Matter of Zagerson v. New York City Dept. of Educ.
This text of 2022 NY Slip Op 00645 (Matter of Zagerson v. New York City Dept. of Educ.) is published on Counsel Stack Legal Research, covering Appellate Division of the Supreme Court of the State of New York primary law. Counsel Stack provides free access to over 12 million legal documents including statutes, case law, regulations, and constitutions.
Opinion
| Matter of Zagerson v New York City Dept. of Educ. |
| 2022 NY Slip Op 00645 |
| Decided on February 01, 2022 |
| Appellate Division, First Department |
| Published by New York State Law Reporting Bureau pursuant to Judiciary Law § 431. |
| This opinion is uncorrected and subject to revision before publication in the Official Reports. |
Decided and Entered: February 01, 2022
Before: Kern, J.P., Friedman, Singh, Scarpulla, Rodriguez, JJ.
Index No. 161586/19 Appeal No. 15189 Case No. 2021-01357
v
New York City Department of Education et al., Respondents-Respondents.
Glass Harlow & Hogrogian LLP, New York (Bryan D. Glass of counsel), for appellant.
Georgia M. Pestana, Corporation Counsel, New York (Lorenzo Di Silvio of counsel), for respondents.
Judgment, Supreme Court, New York County (Carol R. Edmead, J.), entered October 2, 2020, denying the petition to annul respondents' determination, dated September 17, 2019, which terminated petitioner's employment, and dismissing the proceeding brought pursuant to CPLR article 78, unanimously affirmed, without costs.
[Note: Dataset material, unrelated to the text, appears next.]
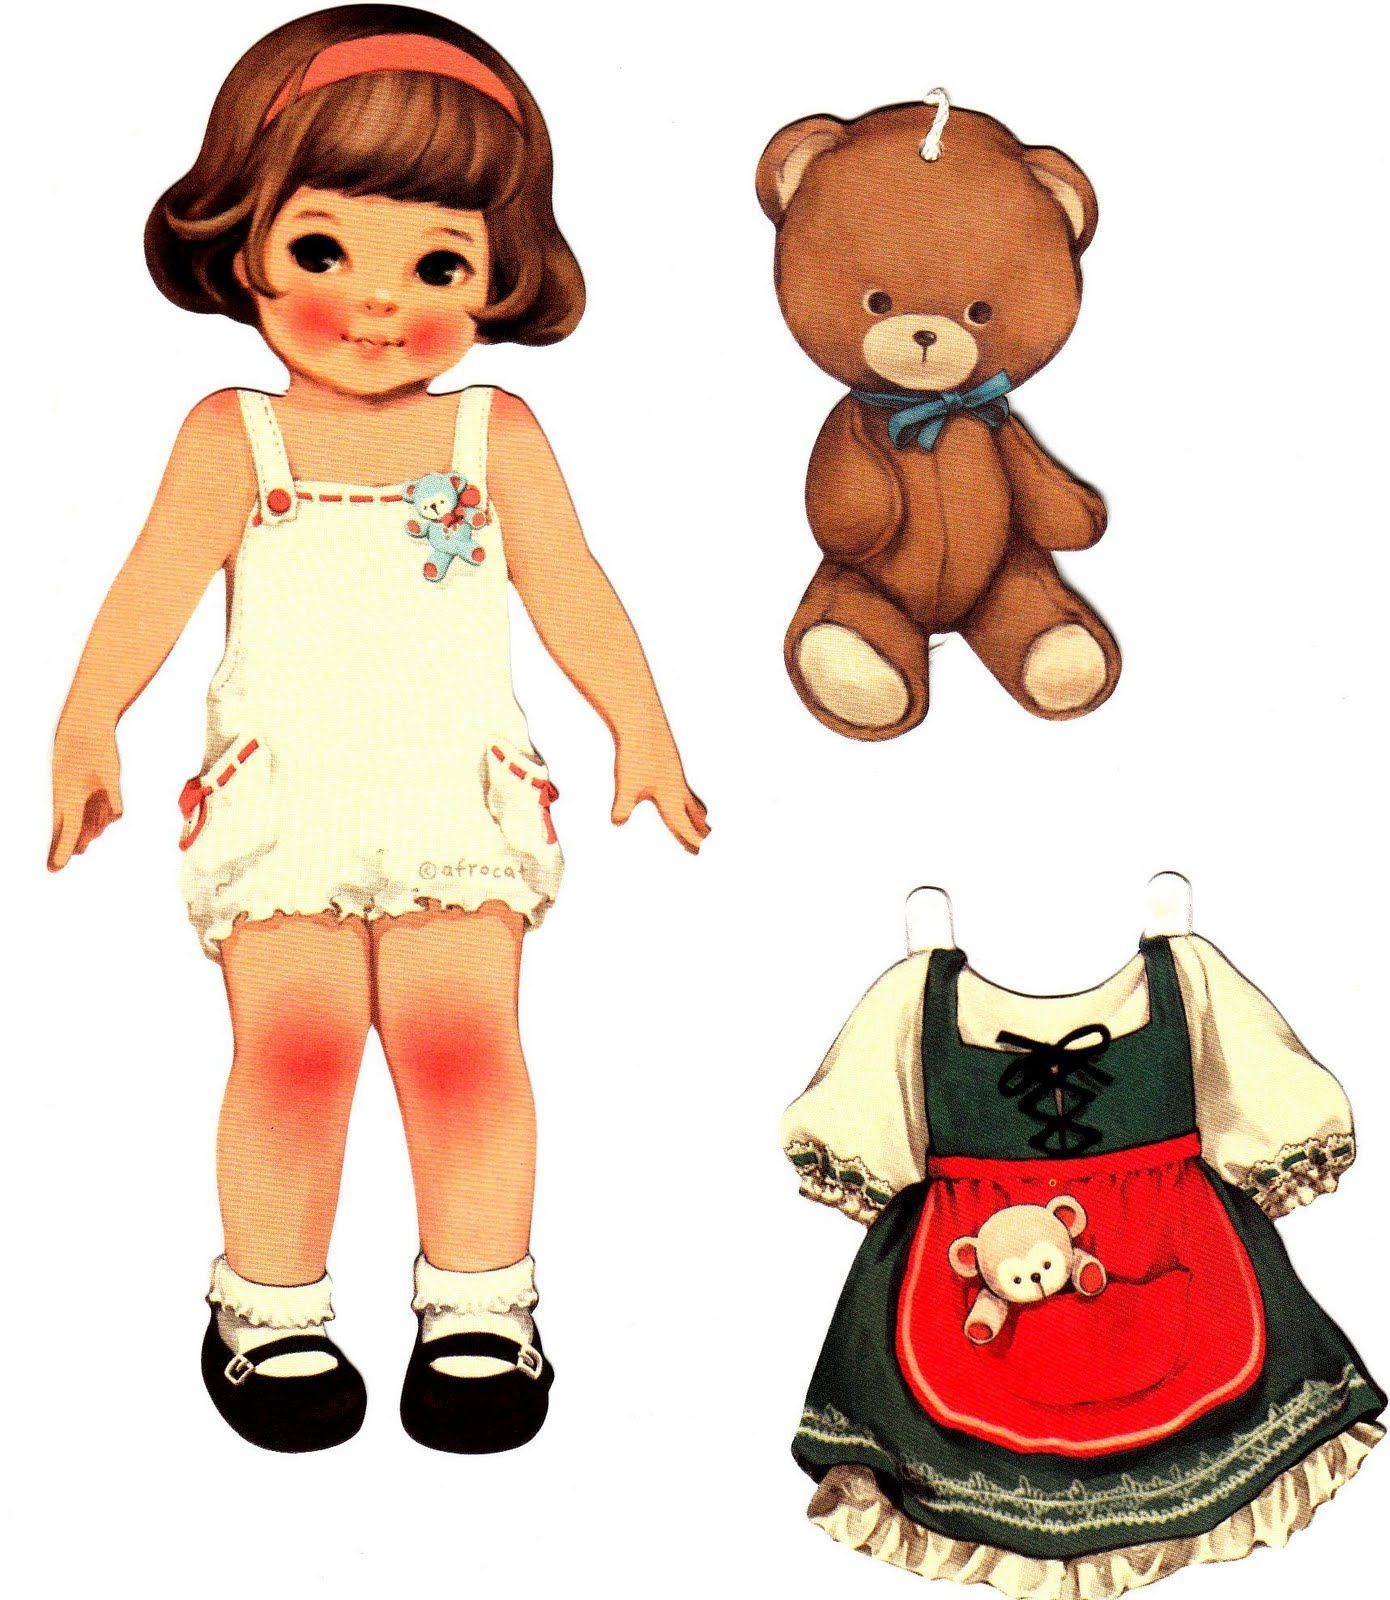 LITTLE GIRL with TEDDY BEAR | PAPER DOLLS | Pinterest ...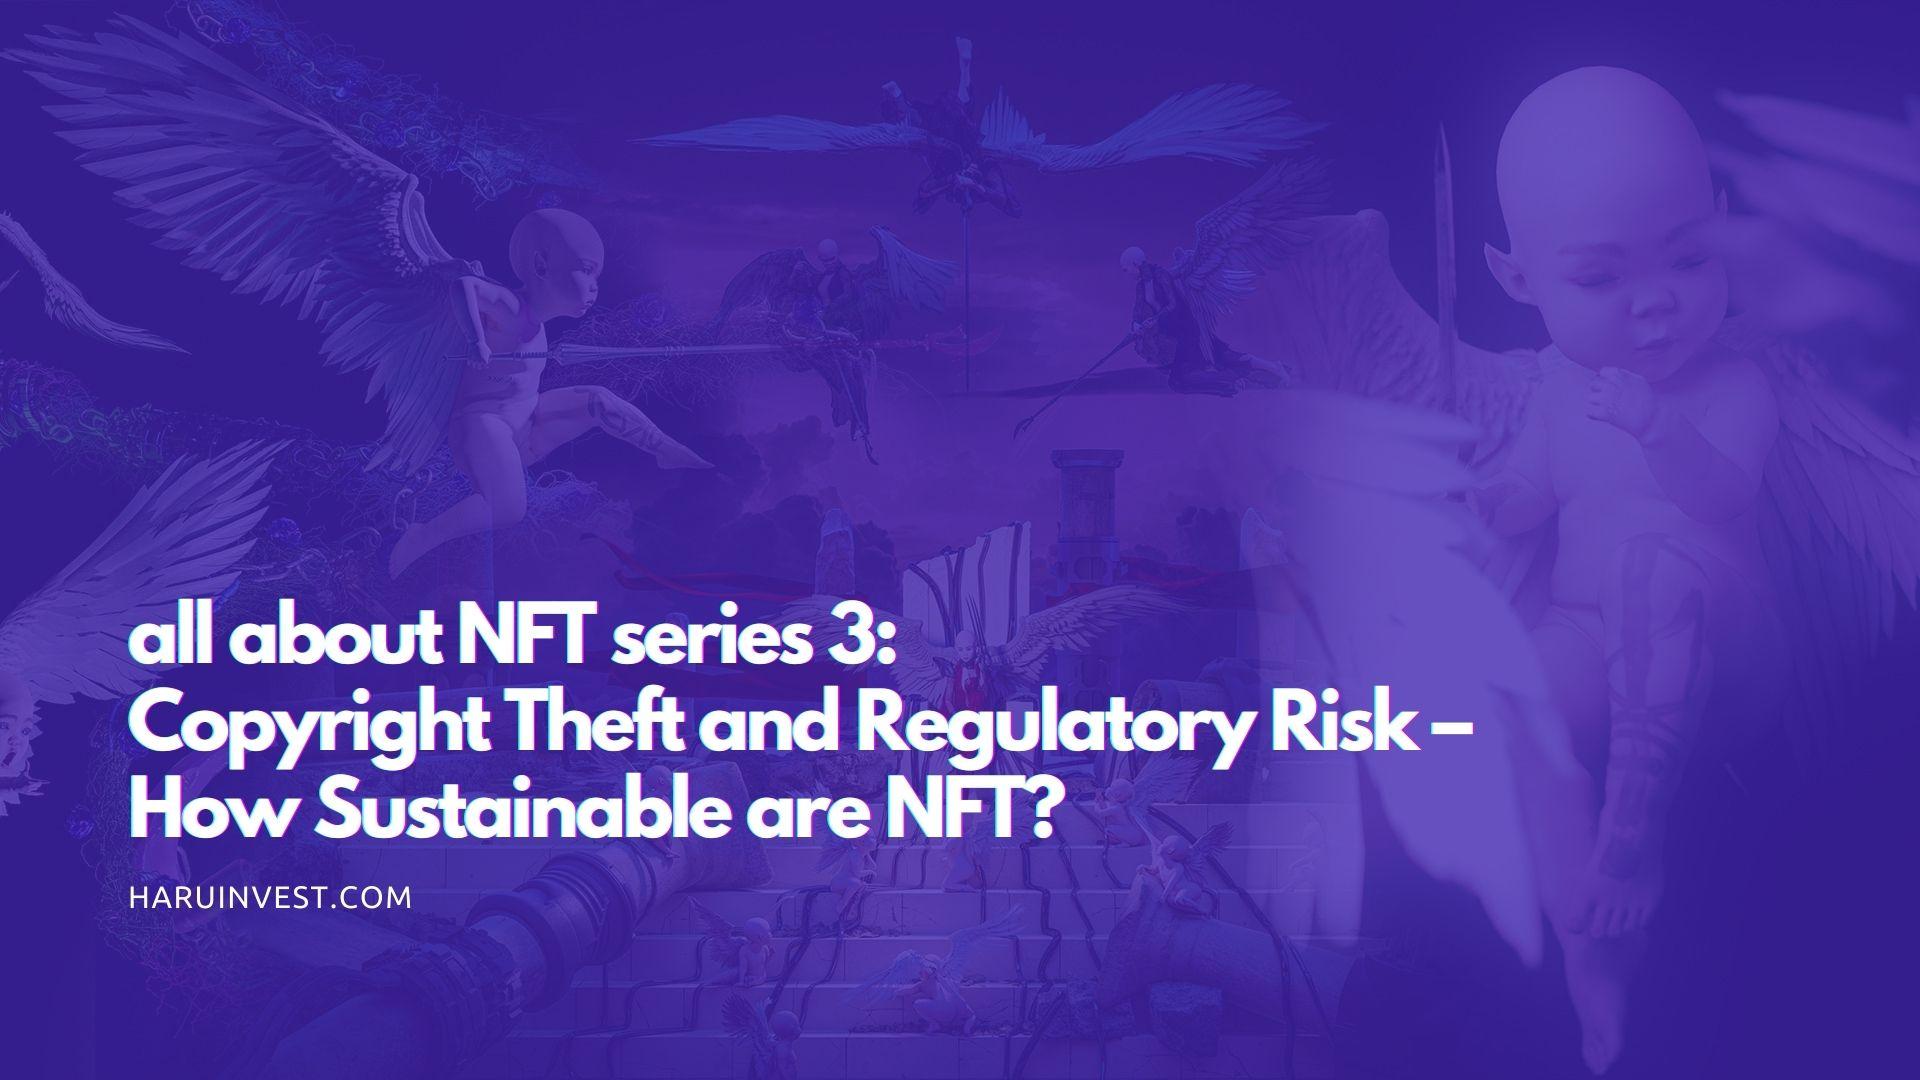 nft copyright theft and regulatory risk

Respondents' determination to terminate petitioner's employment as a paraprofessional for respondent New York City Department of Education had a rational basis in the record and was not arbitrary and capricious (see Matter of Pell v Board of Educ. of Union Free School Dist. No. 1 of the Towns of Scarsdale and Mamaroneck, Westchester County, 34 NY2d 222, 231 [1974]; Matter of Villada v City of New York, 126 AD3d 598, 599 [1st Dept 2015]). The serious nature of petitioner's misconduct — kissing three young female students — was substantiated after the Office of the Special Commissioner of Investigation (SCI) conducted an independent investigation, which was followed by a review of SCI's findings and due consideration by the school principal (see Bolt v New York City Dept. of Educ., 30 NY3d 1065, 1068 [2018]; Matter of Aiken v City of New York, 92 AD3d 448, 449 [1st Dept 2012]). Supreme Court also correctly ruled that petitioner's due process rights were not violated, since he was provided with information sufficient to mount an adequate defense to SCI's investigative report (see Matter of Berkley v New York City Dept. of Educ., 159 AD3d 525, 526 [1st Dept 2018]; Wolfe v Kelly, 79 AD3d 406, 410 [1st Dept 2010], appeal dismissed 17 NY3d 844 [2011]).
We have considered petitioner's remaining contentions and find them unavailing.THIS CONSTITUTES THE DECISION AND ORDER
OF THE SUPREME COURT, APPELLATE DIVISION, FIRST DEPARTMENT.